~I despise the whiny voice. You know, the high pitched gut forced crackled up sound that
~It drives me nuts when I'm trying to get the point across that what a certain child is doing is simply not acceptable and such intentions are met with a smirky little sideways grin instead of the sweet understanding eyes of "I promise never to do it again mommy".
~I mastered "the look" my 2nd day of teaching math to 6th grade students YEARS ago and have been secretly looking forward to using this technique on my own children. Sick, I know, but there are only so many things a person can say they're truly good at and well "the look" is one of mine. And just to make it clear that everything is right and balanced with the universe, it turns out "the look" takes some tweaking when using on your own children and although I'm close to figuring out the code for the tweak I'm not 100% there yet which totally sucks.
So, despite the fact that we enjoyed an amazing meal together at our favorite Japanese restaurant last night complete with our star of the restaurant two and a half year old chopstick master (who also ate most of my black miso cod, stinker), and then went on to skip our way alongside the worlds best behaved razor scooting tot (yes I know the age recommendation on those things is 5 years, but we strapped a helmet on him and so far he's only bit the dust a few times and each time got up only to want to go faster, so...), and yes he woke us up this morning by sitting up in bed and shouting the words WE ALL LIVE IN A LELLOW SUBARINE which is about the only thing that could possibly put a smile on a tired momma's face at 6:30AM on a Saturday, DESPITE ALL THAT... he's currently in his room screaming through his 4th time out of the morning and dang-blastit (twitch twitch, snap snap) he WILL NOT WIN this one.

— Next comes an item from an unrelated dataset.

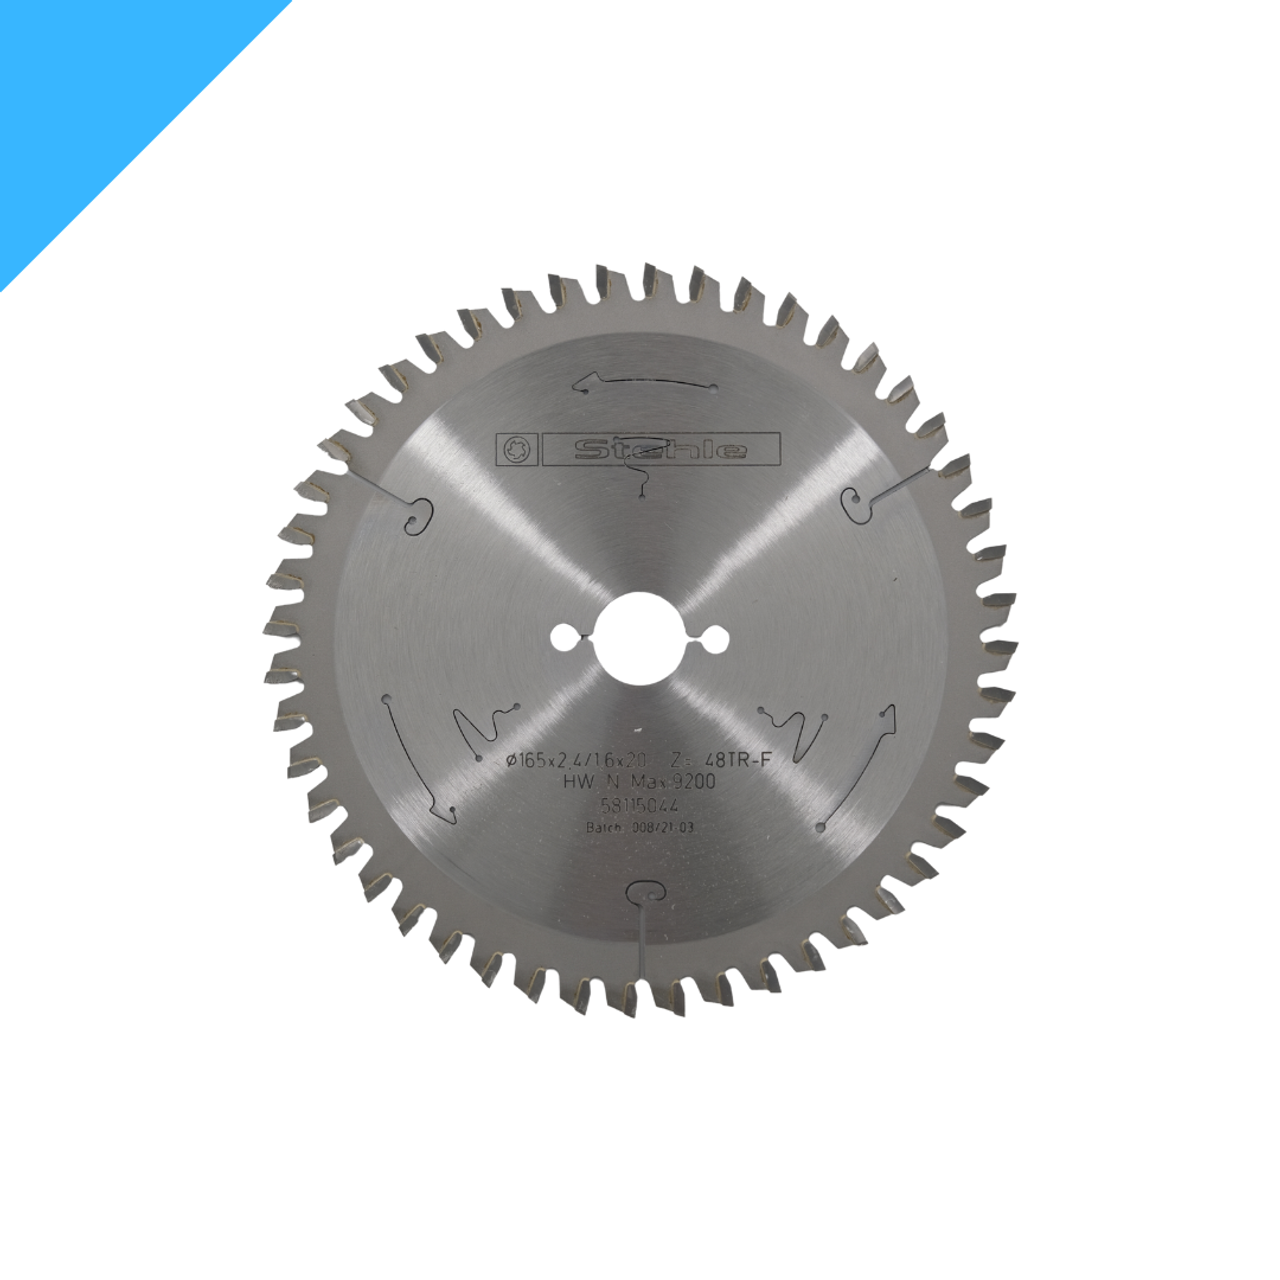 STEHLE Saw Blade HKS PARAT for Aluminium with Aluminium for the Manufacturing Industry and Carpenters in Australia and New Zealand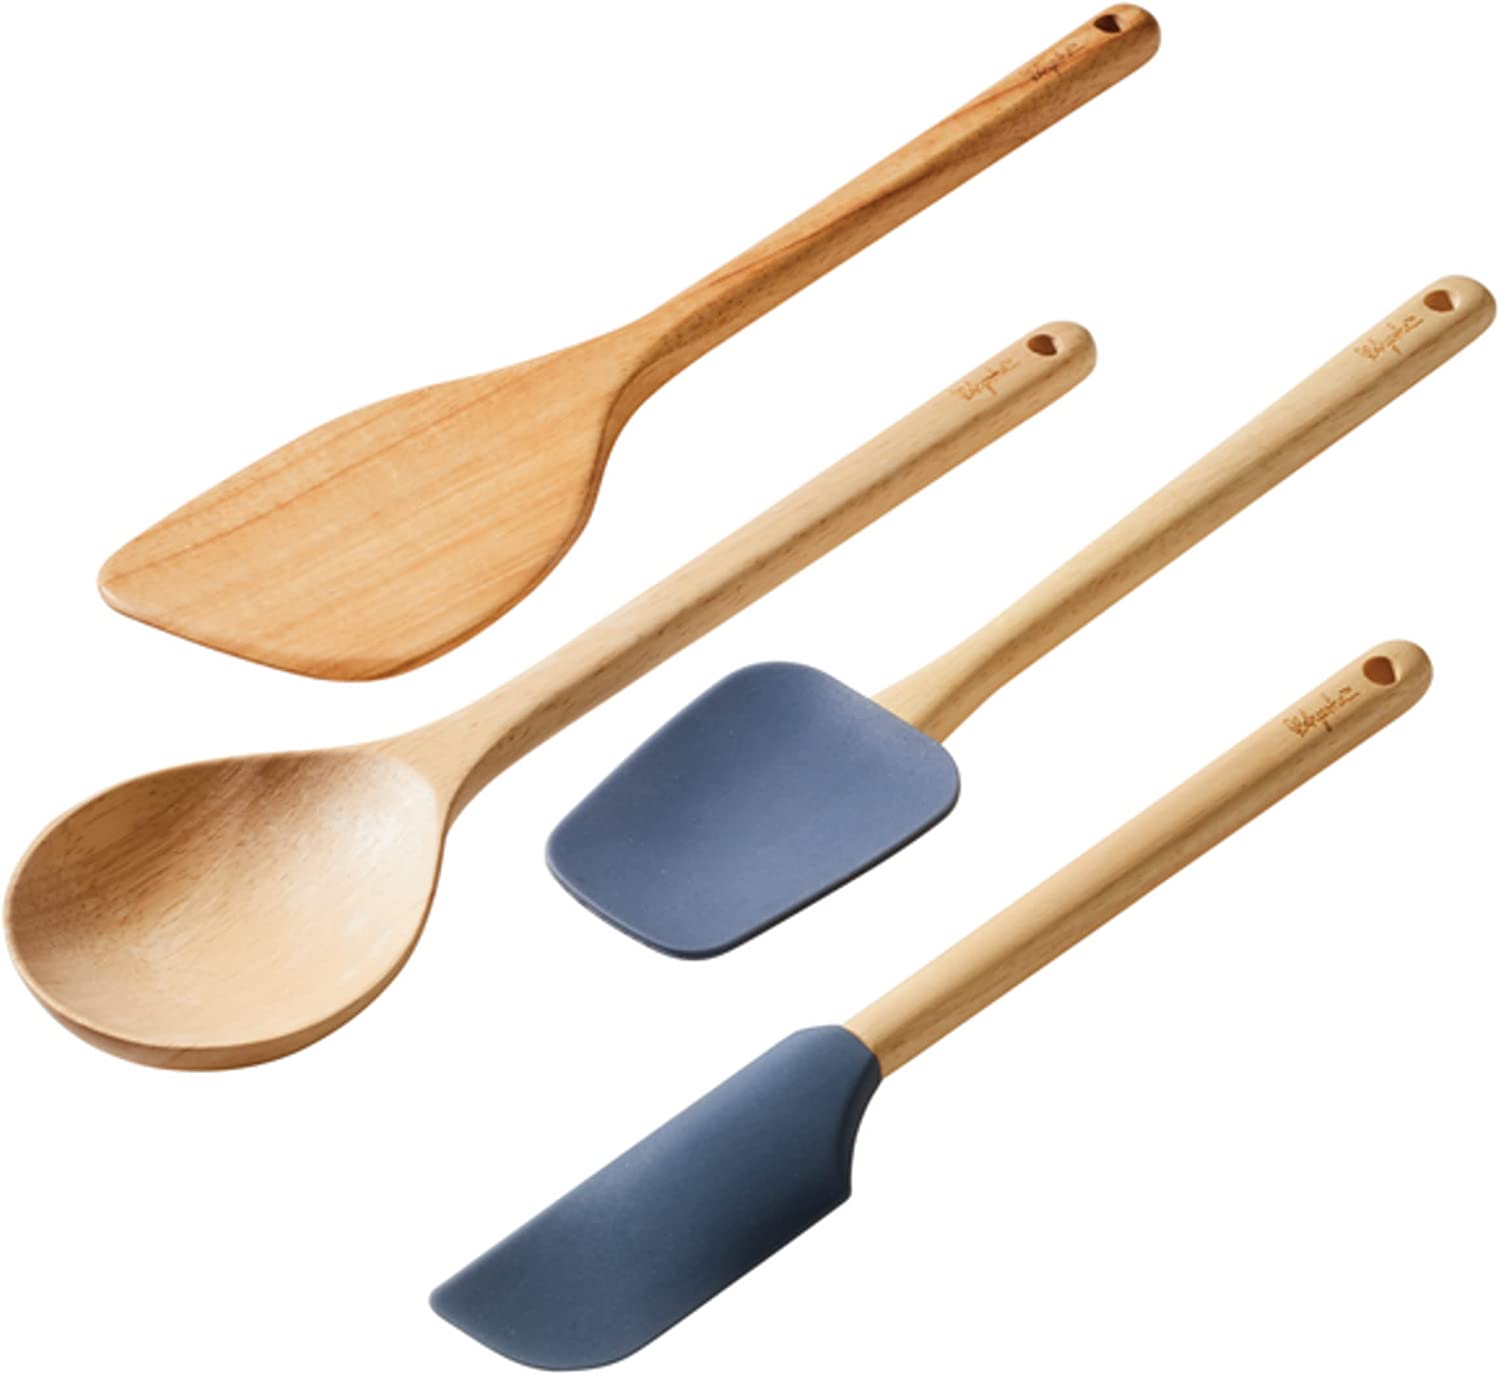 Ayesha Curry Tools and Gadgets Cooking/Kitchen Utensil Set-Includes Solid Spoon, Saute Paddle, Spoonula, Jar Spatula, 4 Piece, Anchor

Well it's now 15 minutes later and we're juggling balls of Play-Doh in the living room and every few minutes or so another rendition of one of the Beatles mixes that seems to be constantly playing in his head finds it's way to his mouth and eventually his arms and legs and all of a sudden we're grooving to lellow subarine or the more you say goodbye I say hello. And I'm left with the puzzling question:
How could I have ever even questioned whether or not I was winning?